Psychotropic drugs, specifically opioids, are the agents most frequently studied for the treatment of breathlessness. Their mechanisms of action are related to a reduction in ventilatory drive owing to a decrease in hypoxic and hypercapnic responses, and even more to an alteration of the central perception of breathlessness. Following morphine administration, there is a lower degree of breathlessness for a given level of ventilation.

Low-dose nebulized morphine is reported to improve breathlessness in patients with advanced lung disease. The small amounts of morphine administered in this way suggest that it has a local effect. This treatment has been suggested as palliative care for breathlessness in endstage situations.

Benzodiazepines have been considered to have a potential action in alleviating breathlessness. However, diazepam and alprazolam have proved ineffective in relieving this symptom. Buspirone is a non-benzodiazepine anxiolytic drug, and is better tolerated as it does not present sedative and anticholinergic actions. During buspirone treatment, chronic obstructive pulmonary disease patients show reduced anxiety and depression, and an improvement in exercise tolerance and sensations of dyspnea.
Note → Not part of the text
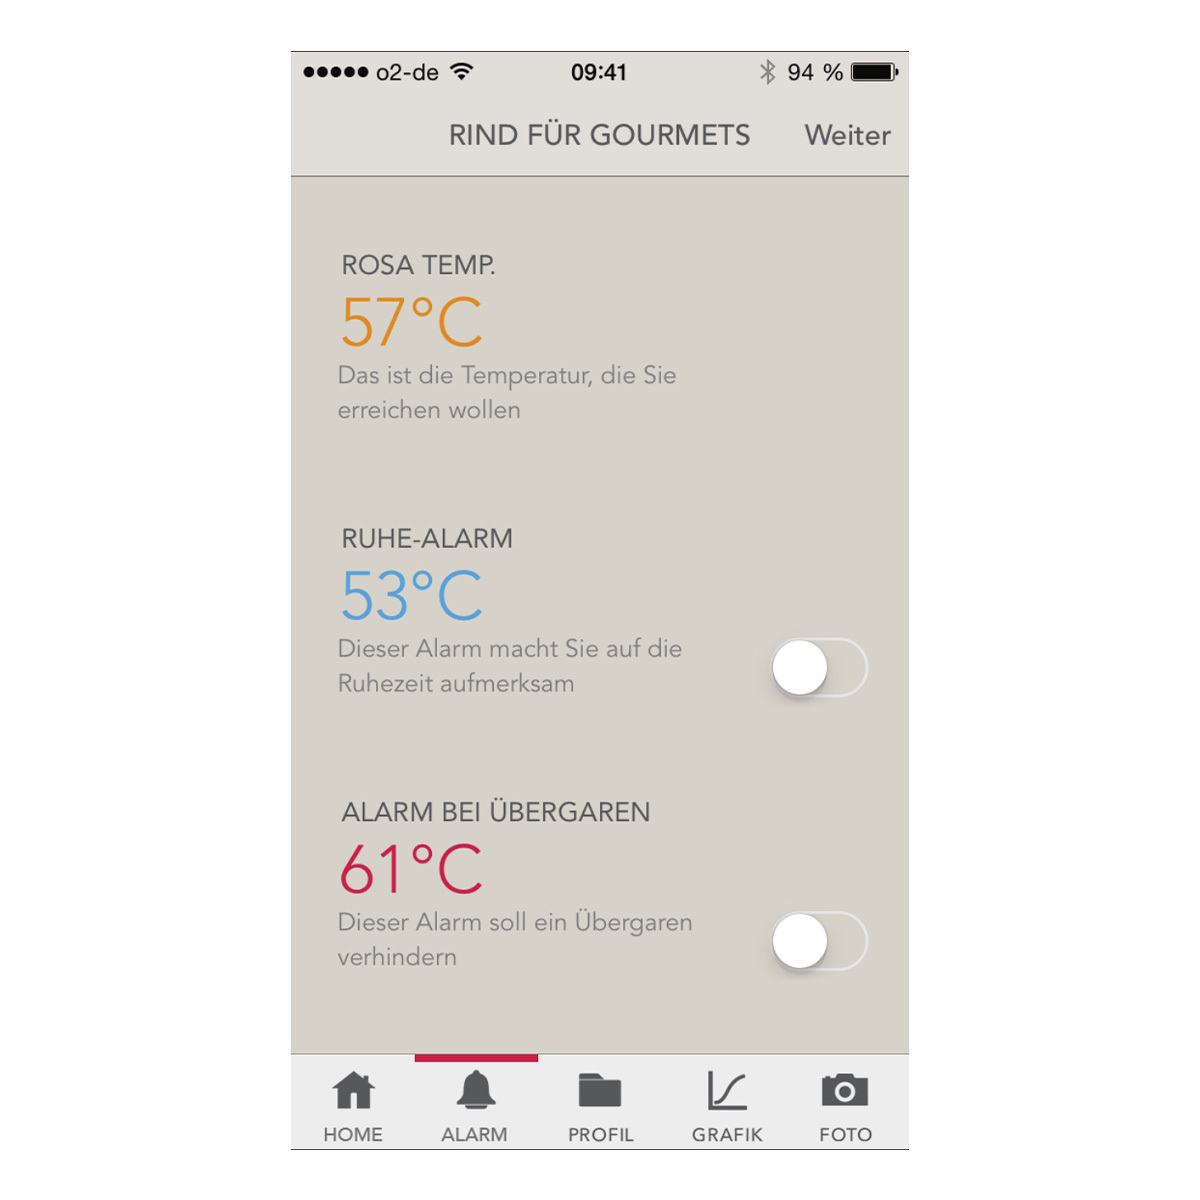 14-1505-01-gourmet-thermometer-für-smartphones-thermowire-app-anwendung1-1200x1200px.jpg
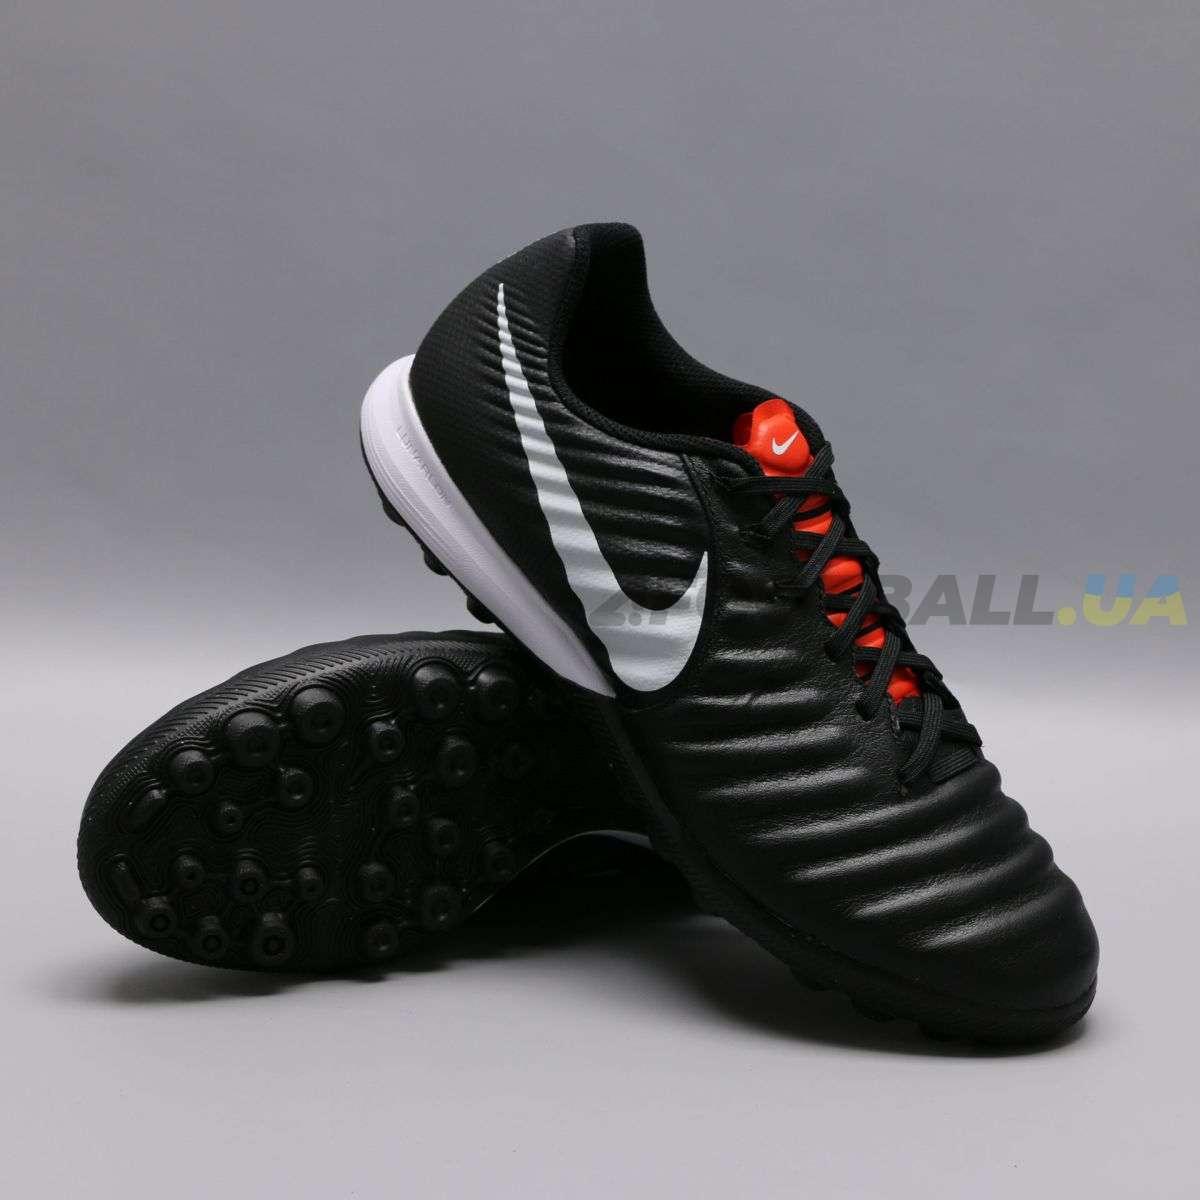 16d7e703 Сороконожки Nike Tiempo Lunar Legend Pro AH7249-006 купить на ...

A reduction in dyspnea has been observed using promethazine. It has been suggested that chlorpromazine could be useful for relieving breathlessness in dying patients.

Although obstruction is not reversible with bronchodilator treatment, it is possible that commonly used drugs may have an extrapulmonary action in reducing dyspnea. Theophylline improves diaphragmatic contraction, increases cardiac output, and reduces dyspnea, but its clinical significance has not been determined. Breathlessness is common in bronchial carcinoma related to airflow obstruction, and bronchodilator therapy may provide alleviation.